◆ Aim of the task: From the line containing "Dossiers du Personnel" down to the line containing "OXFORD Black n'Red", copy out the entries below exactly, both lines included, and nothing else; pictures do not belong in the copy.

◆ Data section:

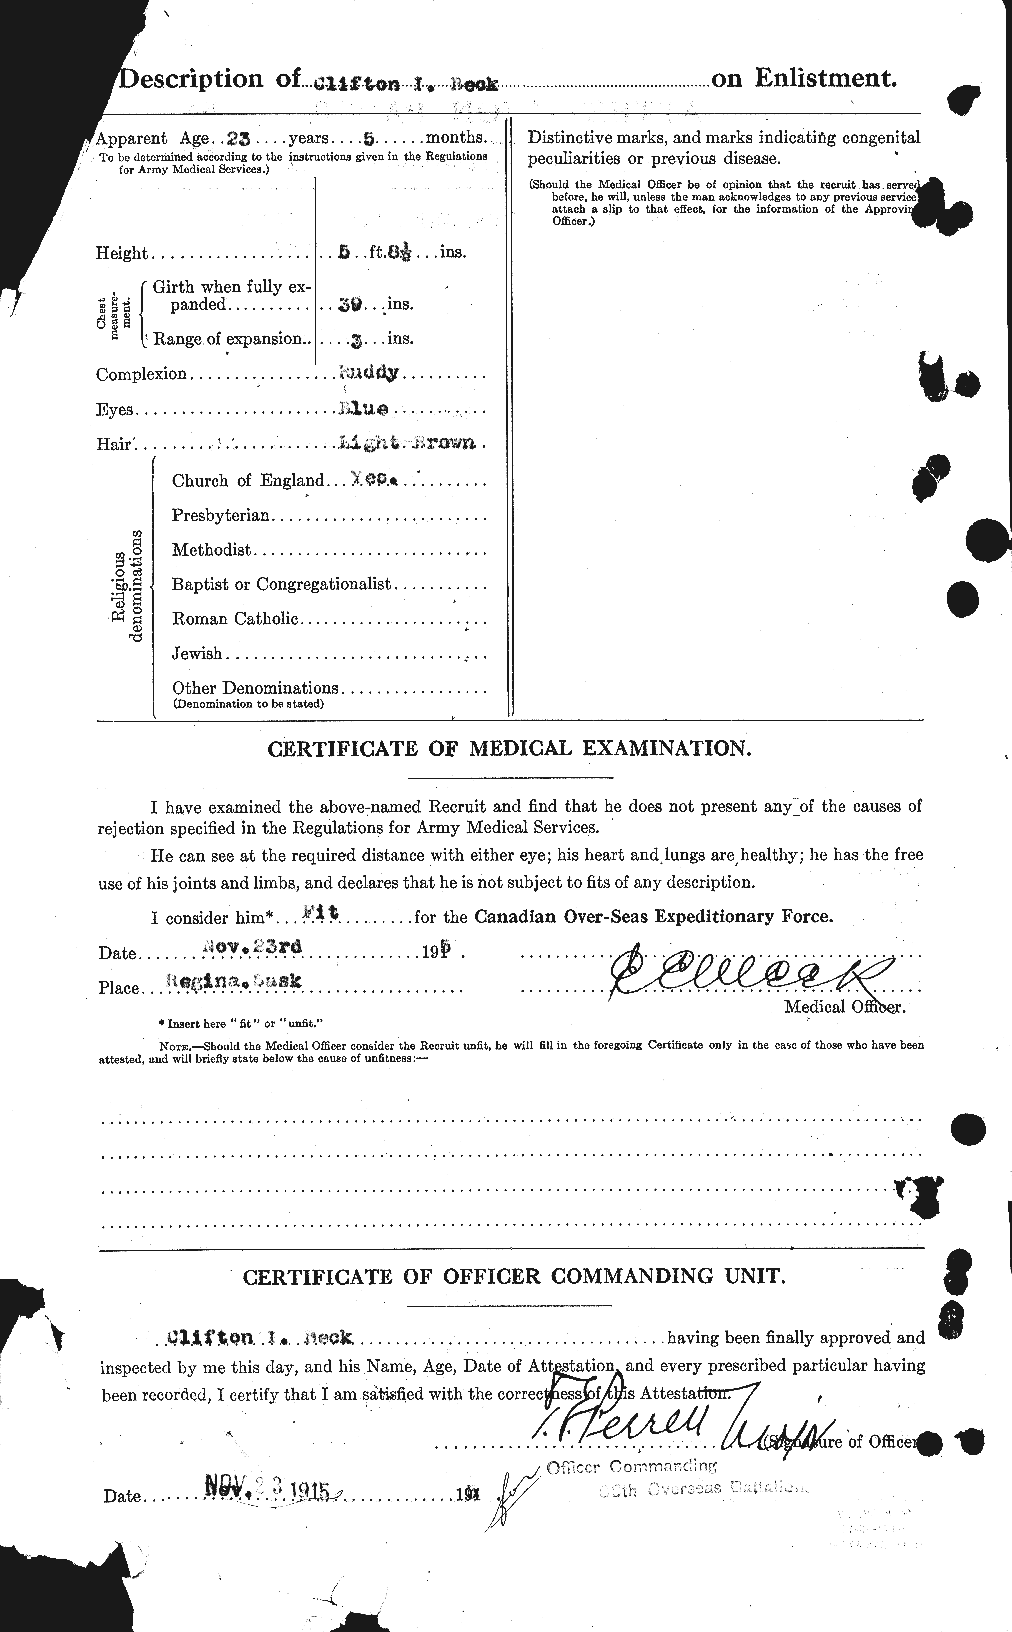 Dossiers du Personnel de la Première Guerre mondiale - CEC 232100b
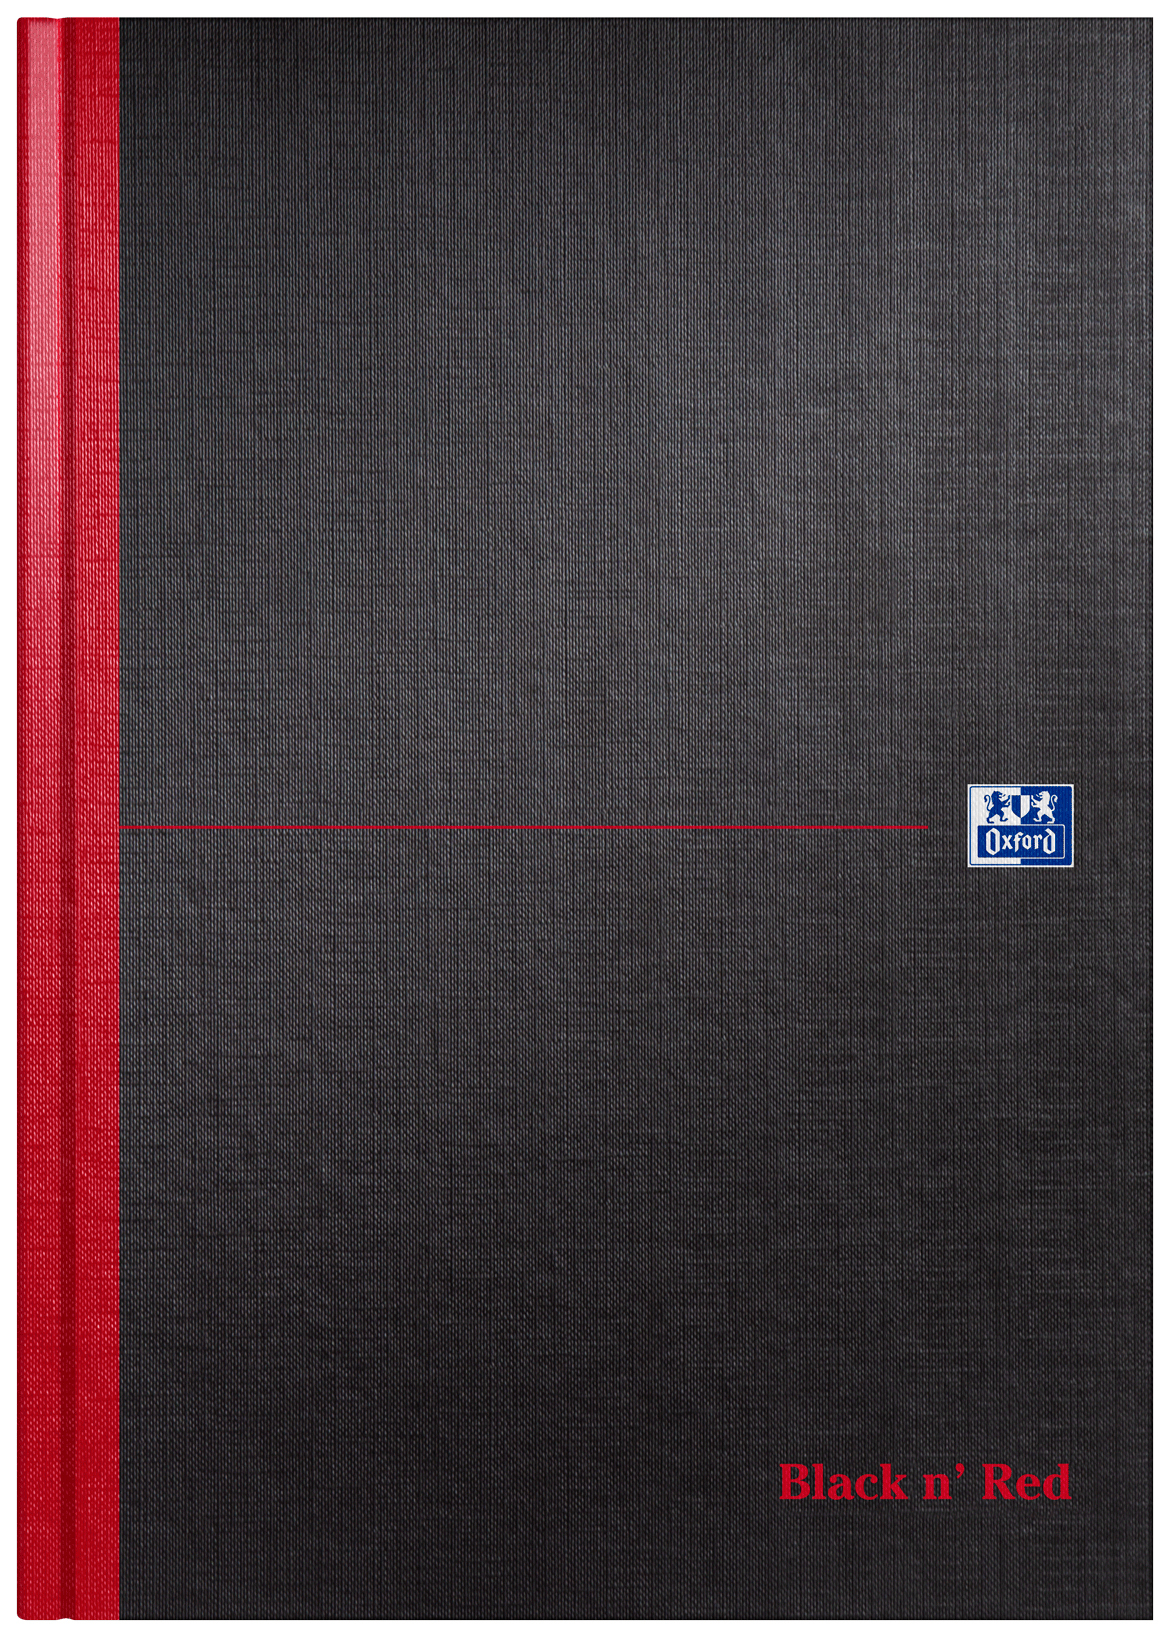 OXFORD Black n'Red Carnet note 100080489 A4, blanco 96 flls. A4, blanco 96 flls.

---

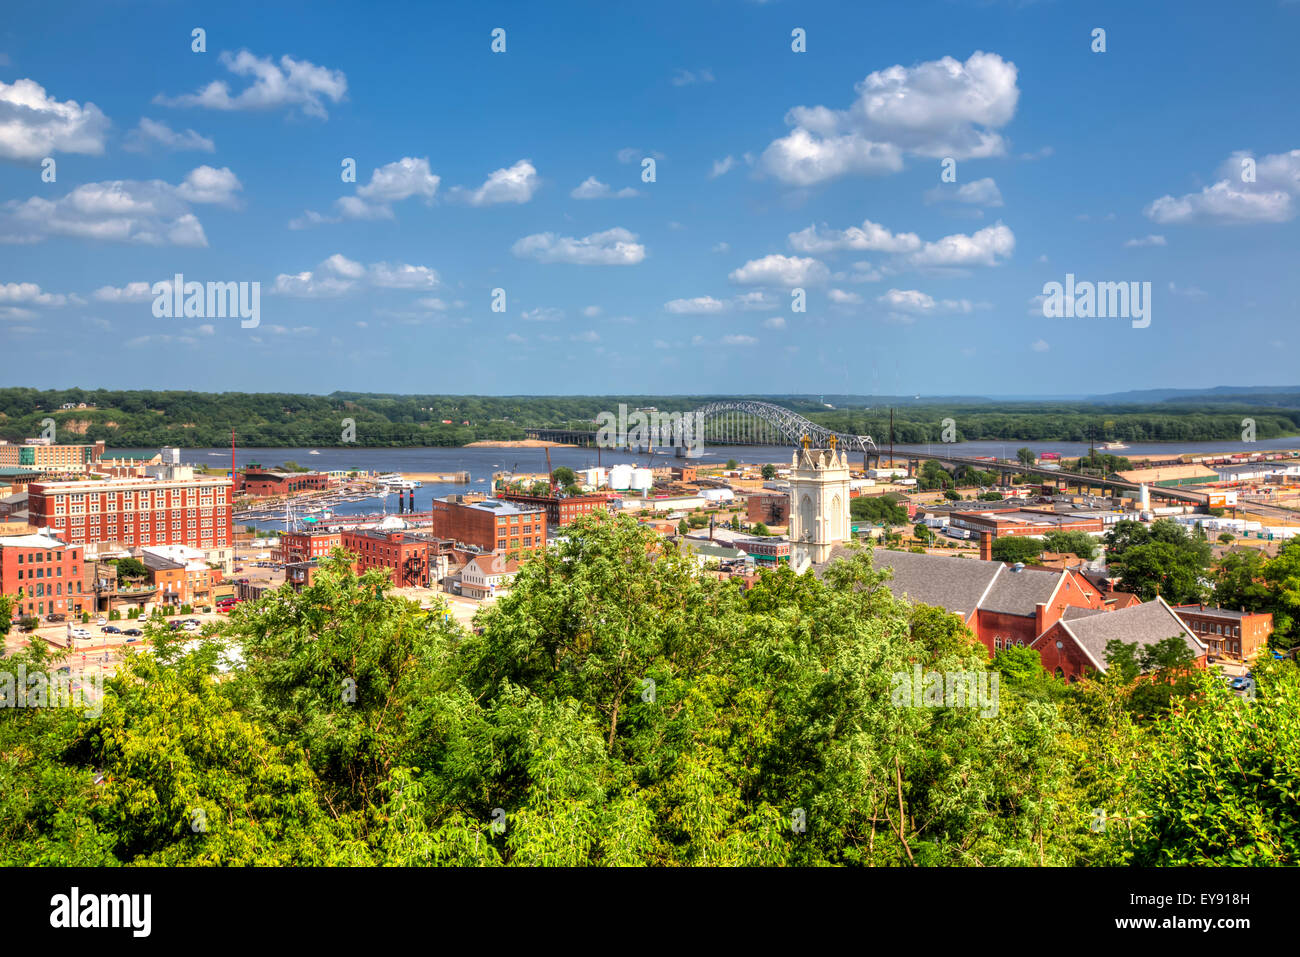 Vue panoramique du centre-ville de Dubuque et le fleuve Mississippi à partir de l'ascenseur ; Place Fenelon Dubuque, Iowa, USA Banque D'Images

==

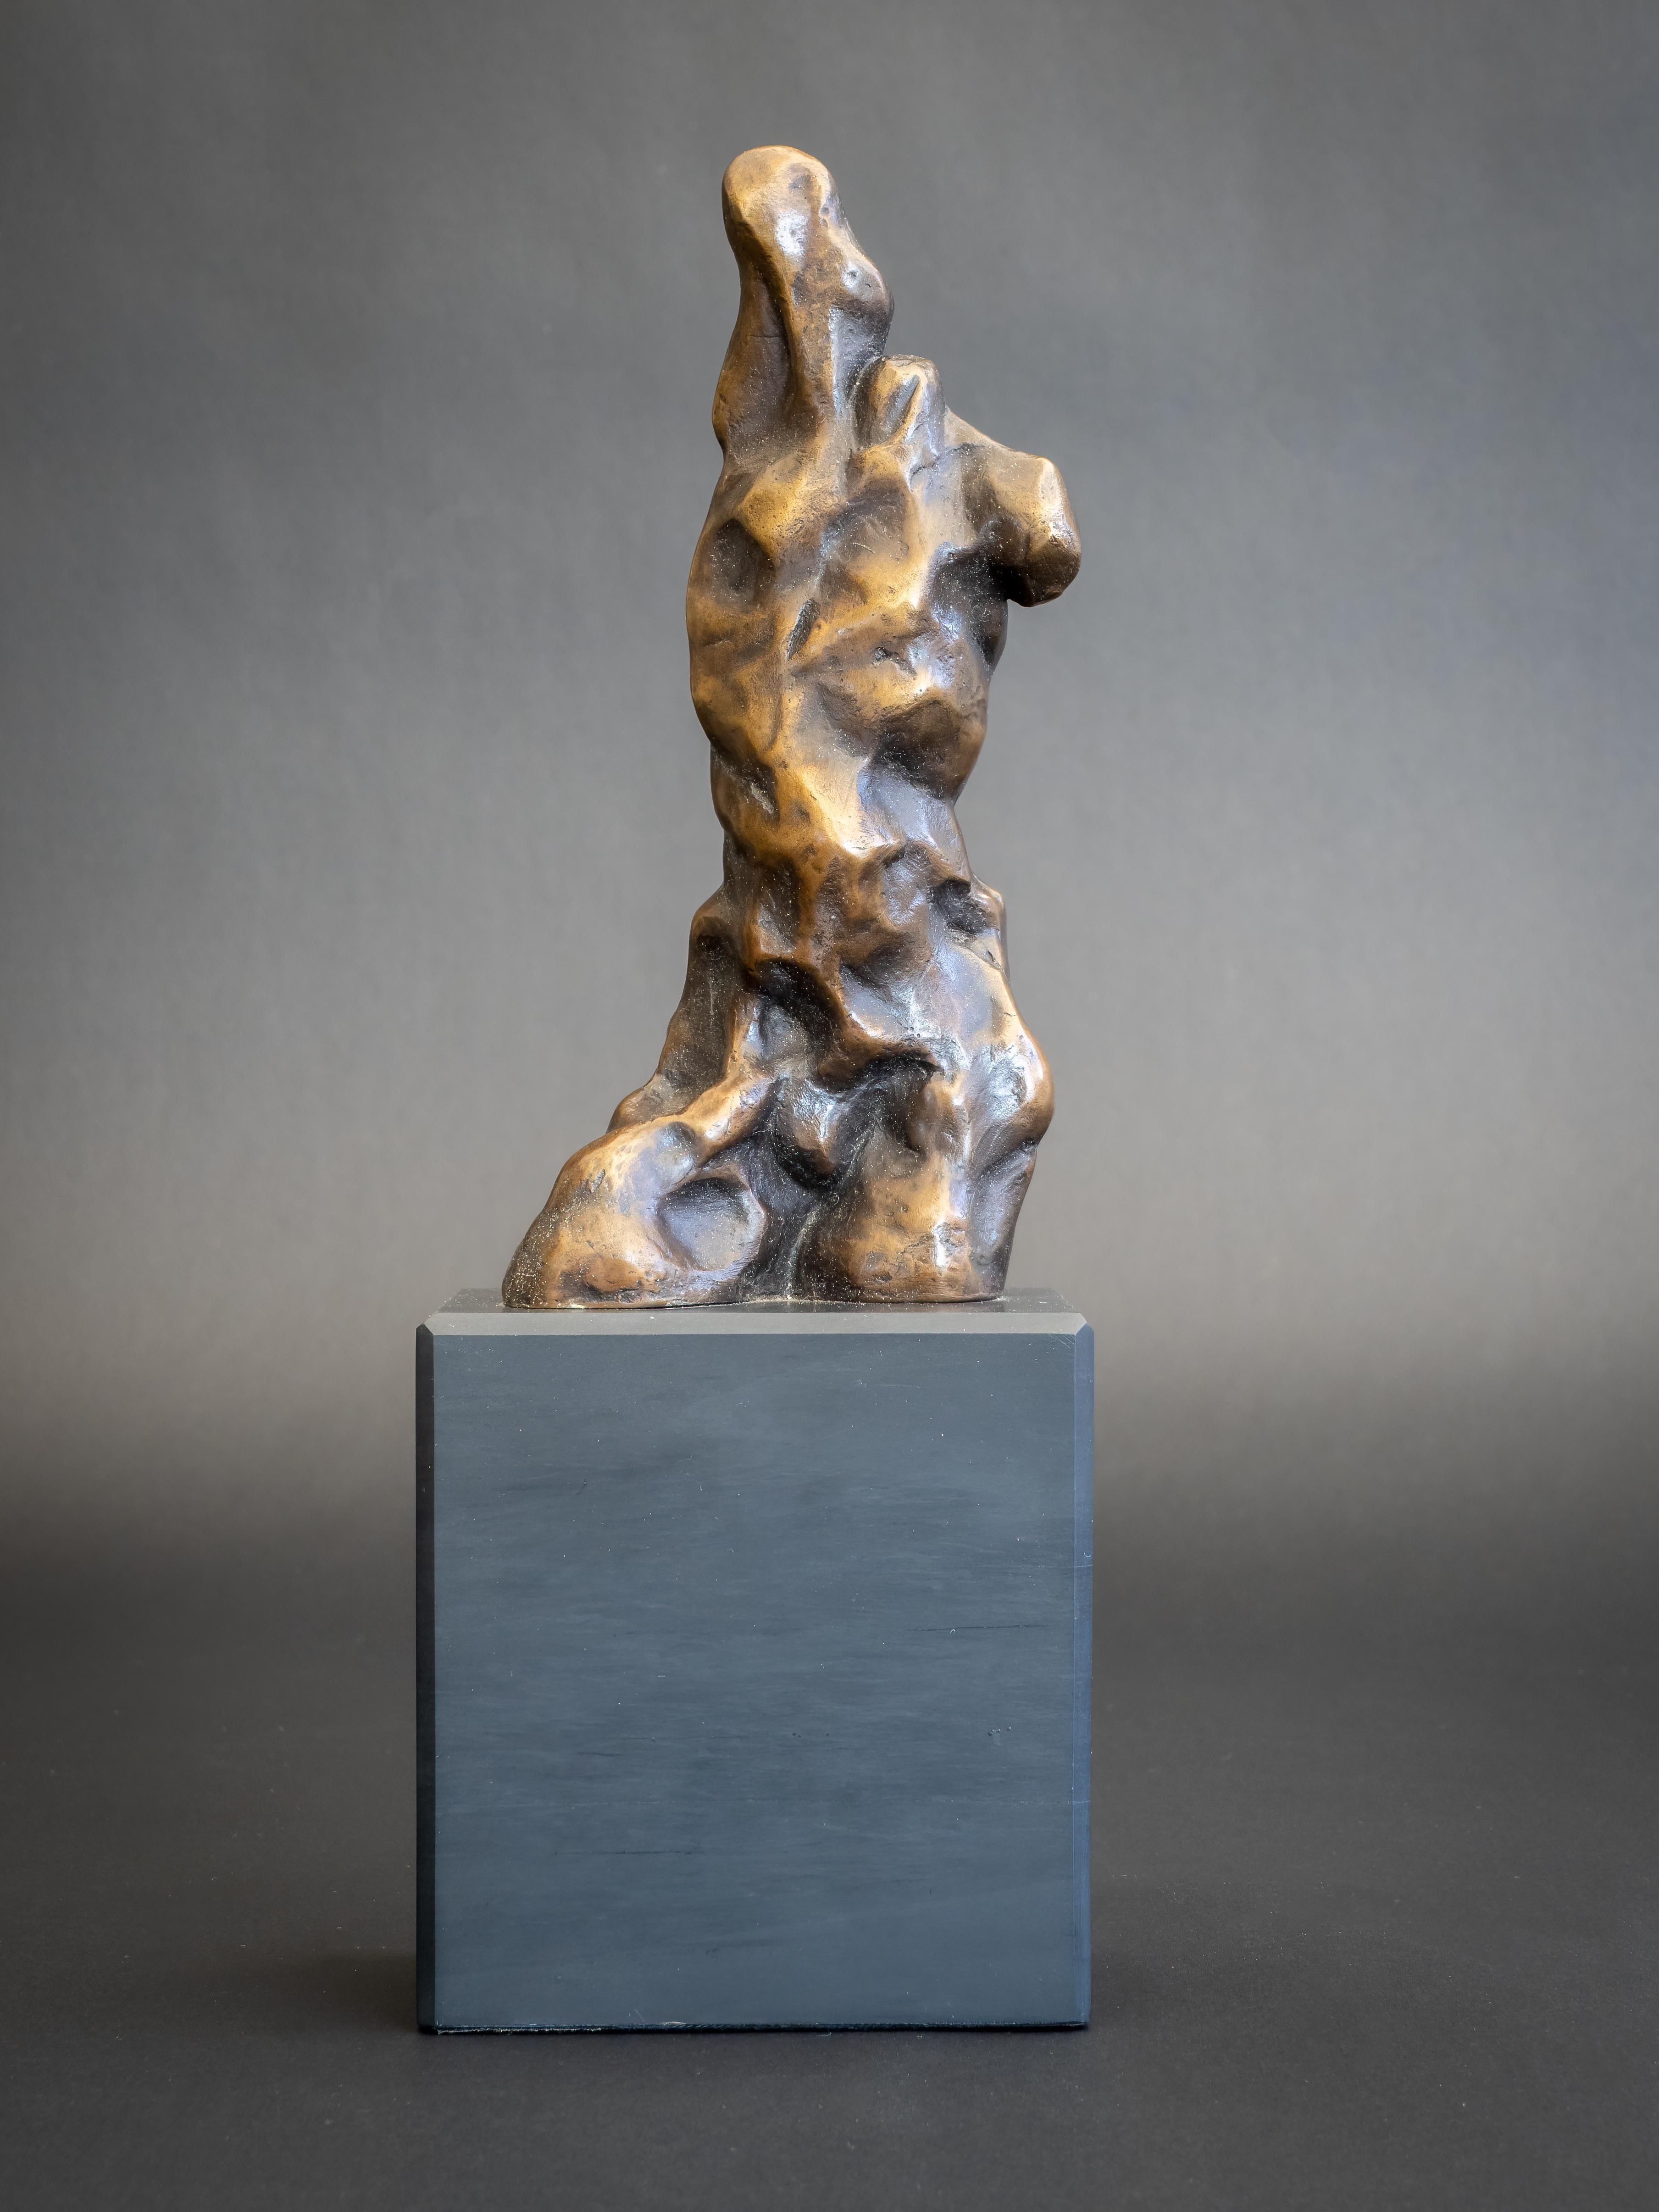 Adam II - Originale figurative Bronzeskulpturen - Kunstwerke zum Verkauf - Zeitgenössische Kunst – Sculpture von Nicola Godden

◆ Output of the task:
 Dossiers du Personnel de la Première Guerre mondiale - CEC 232100b
 OXFORD Black n'Red Carnet note 100080489 A4, blanco 96 flls. A4, blanco 96 flls.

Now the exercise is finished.